Perché qui in Italia il rap viene gestito dalle case discografiche, non da chi fa musica. Non è gente che sta in strada, che vive la cultura hip hop. Se sei un rapper, il tuo habitat non può essere l’Italia. Come faccio a essere ispirato se attorno a me vedo solo gente che cerca di fare i soldi? Allora vado in America, dove tutto è finto, ma è reale, capito?

E dove pensi di andare?


Miami.

C’è chi dice che stai scappando dall’Italia perché ti sei fatto troppi nemici qui…
Perché gli altri rapper sono davvero amici tra di loro? Siamo tutti sulla stessa barca. Non vado via dall’Italia perché sto sul cazzo a un sacco di rapper, ma perché voglio trovare un posto dove esprimermi liberamente. Qui c’è un sistema clientelare dove emerge chi è amico dell’amico, chi lavora per uno o per l’altro. In America sei più libero di crearti opportunità, premiano chi è bravo. Il successo dell’album Mattia è la dimostrazione che da solo posso fare quello che voglio

In Italia la musica sta prendendo un’altra direzione? Dove sta andando? 

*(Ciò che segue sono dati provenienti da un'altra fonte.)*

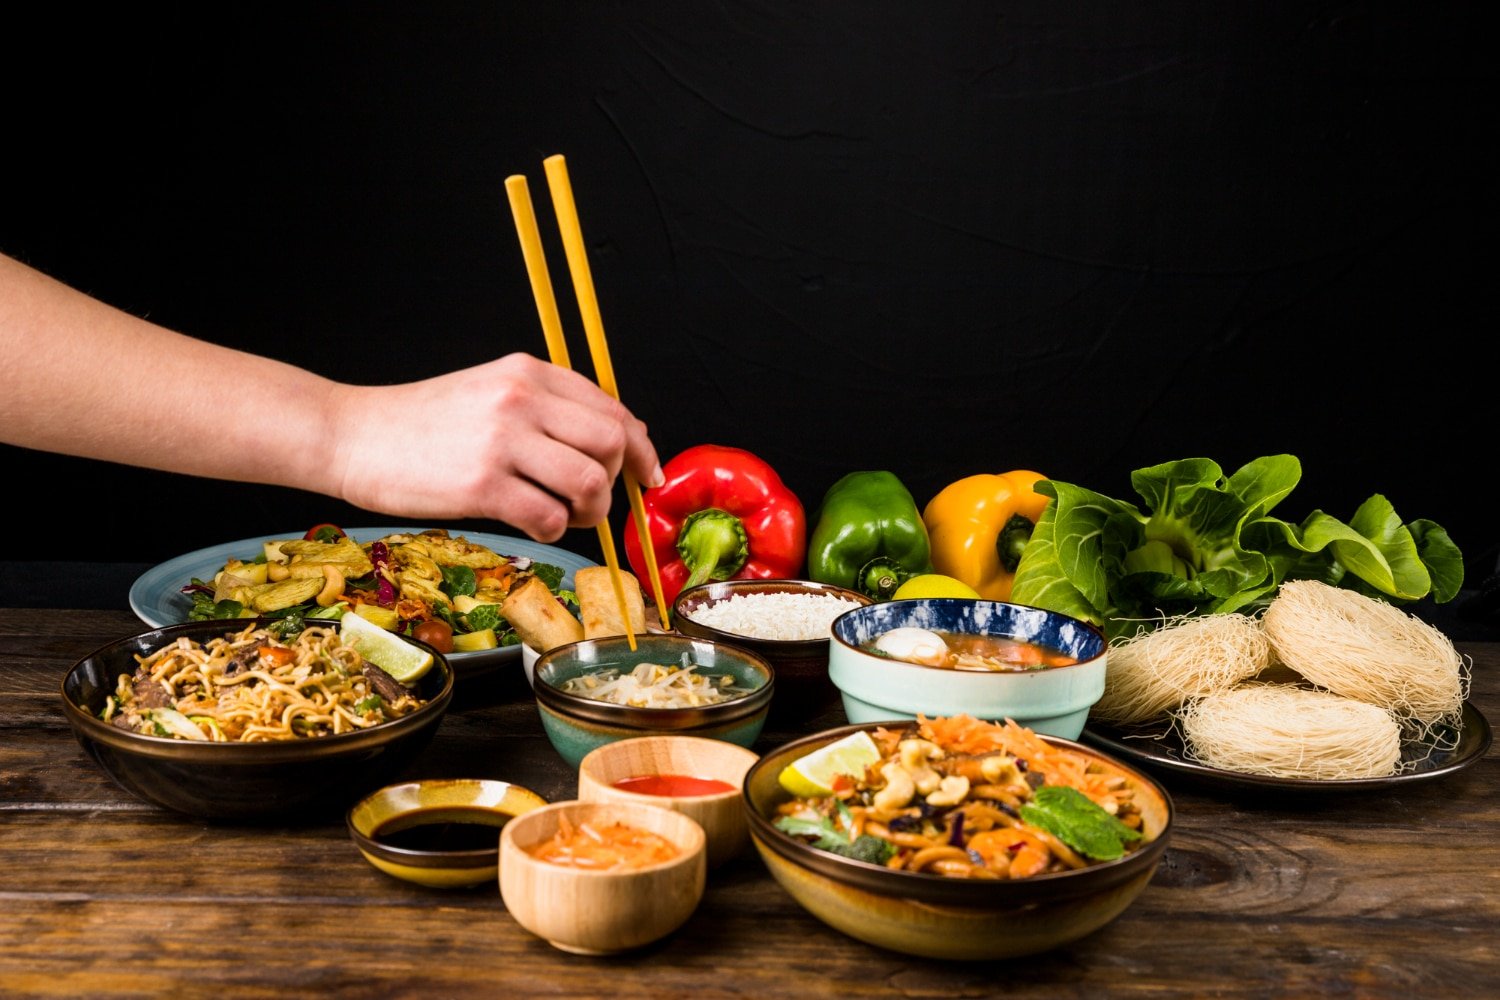 Explore Authentic Asian Flavors With Omsom’s Starter Kits

Nel cesso. Qui non c’è gusto musicale, ma solo hit da TikTok. O i maranza che fanno rap di strada, che è la cosa meno hip hop che ci possa essere. Perché non hanno una tradizione hip hop.

Oggi cosa ascolti?
Ascolto jazz.

I classici Miles Davis e John Coltrane o cose più contemporanee?
Le playlist di Spotify.

Foto: Fabrizio Narcisi per Rolling Stone Italia

Sfatiamo un altro mito che ti riguarda, l’avversione per i giornalisti e il fastidio per le interviste…
Non mi stanno sul cazzo i giornalisti, semplicemente evito di parlare. Perché spesso vogliono solo lo scoop, oppure scrivono cose che non ho detto, mi manipolano.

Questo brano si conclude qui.